Fast Facts: Chrome Tubing
  • Primary alloys: 13Cr (12-14% Cr, API L80 Type 13Cr) and Super 13Cr (plus 4-6% Ni, 1-2% Mo); CO2 corrosion rate below 0.025 mm/year versus 1-5 mm/year for carbon steel in same environment
  • Temperature limits: Standard 13Cr to 120 degrees Celsius; Super 13Cr to 150 degrees Celsius; duplex 22Cr and 25Cr super duplex for combined high CO2 and H2S above 0.01 MPa partial pressure
  • H2S limits: NACE MR0175 restricts 13Cr to H2S below 0.003 MPa partial pressure; Super 13Cr qualified to 0.01 MPa H2S; duplex required above 0.1% H2S in WCSB Devonian sour service
  • Weyburn economics: 13Cr at $138,000 installed vs L80 $40,000; payback 3.2 years avoiding $95,000 workovers at 2.8 mm/year CO2 corrosion rate; corrosion reduced 98% to below 0.02 mm/year
  • Connections: Premium metal-to-metal seal threads required for CO2 service; copper-based dope only; zinc-based dopes prohibited (liquid metal embrittlement risk in thermal cycling)

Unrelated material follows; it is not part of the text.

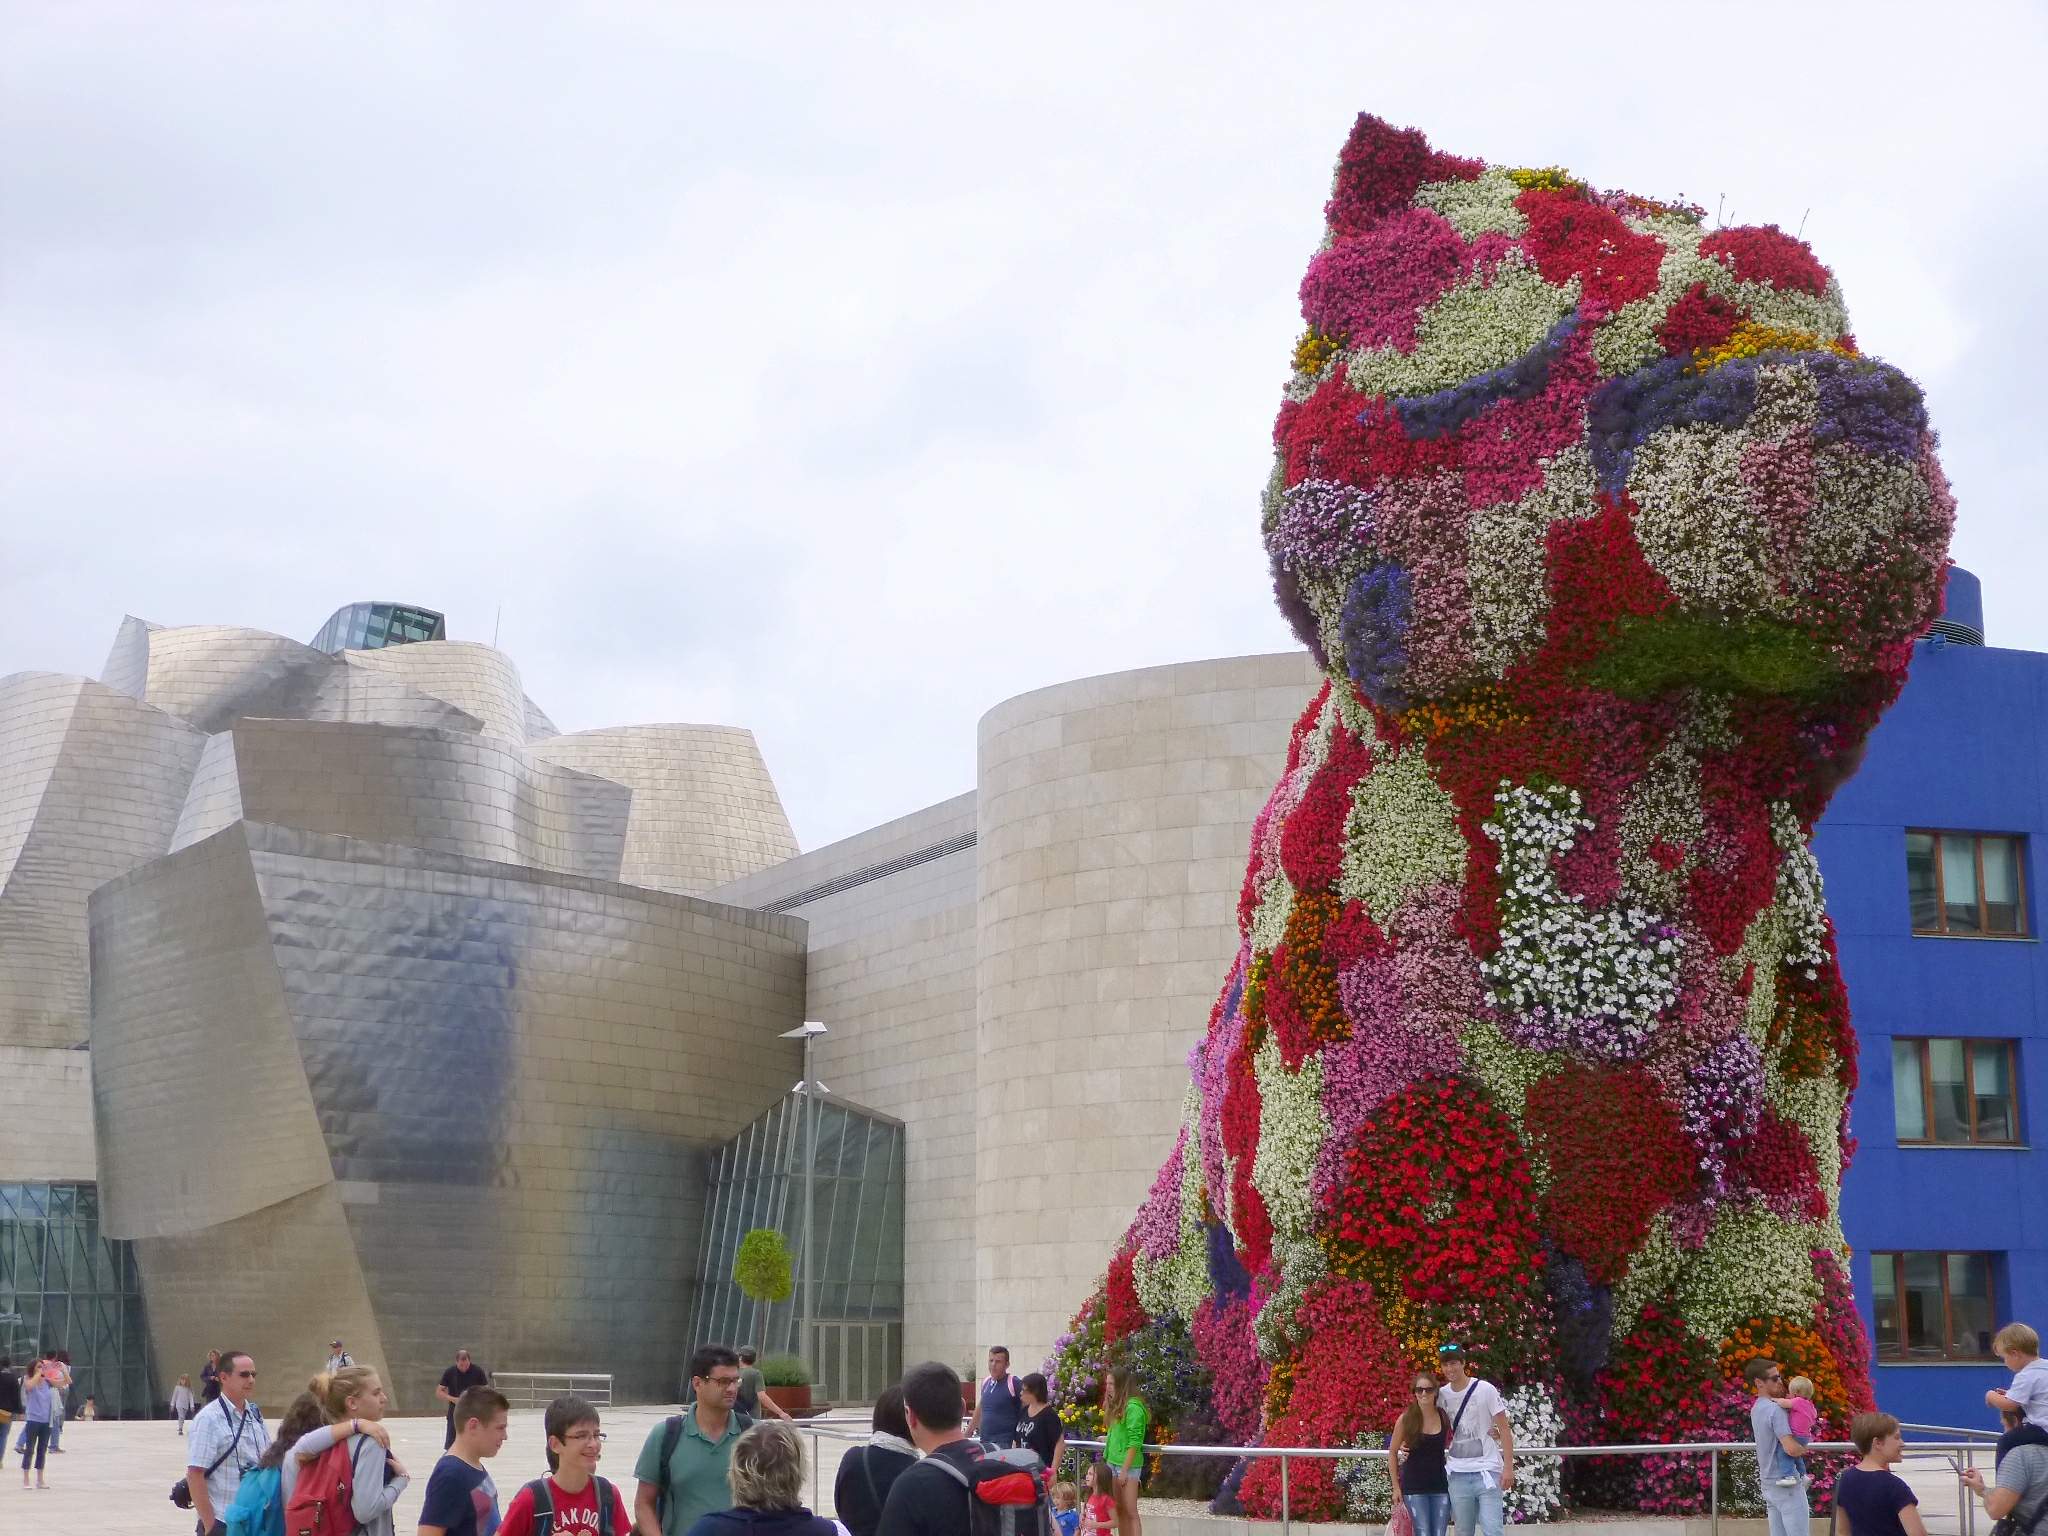 “Puppy” is an artwork by Jeff Koons

  • Handling: Stainless steel elevator inserts; fiberglass pipe racks; non-metallic drift; carbon steel contact prohibited to prevent iron particle deposition and crevice corrosion initiation

Corrosion resistant alloy (CRA) is the material category encompassing chrome tubing; 13Cr, Super 13Cr, duplex 22Cr, and 25Cr super duplex represent increasing chromium content and corrosion resistance for progressively more aggressive WCSB CO2 and H2S service conditions. CO2 corrosion (sweet corrosion) is the primary degradation mechanism chrome tubing prevents; CO2 partial pressure above 0.2 MPa in WCSB Weyburn and Midale injection wells drives carbonic acid attack on carbon steel at 1-5 mm/year that 13Cr passive film reduces below 0.025 mm/year. Sulfide stress cracking (SSC) limits 13Cr applicability in WCSB sour service; NACE MR0175 H2S partial pressure limit of 0.003 MPa for standard 13Cr and 0.01 MPa for Super 13Cr governs material selection for WCSB wells producing mixed CO2-H2S. Weyburn CO2 EOR project in southeastern Saskatchewan is the primary WCSB application for 13Cr chrome tubing in injection strings; 5-10 MPa CO2 partial pressure in injection tubing makes CRA mandatory for economic operation over the 15-25 year project life. Premium connection with metal-to-metal seal is required for WCSB 13Cr CO2 service tubing; API threaded connections without gas-tight seals allow CO2 bypass through the thread helix, creating external corrosion and connection leak paths over time.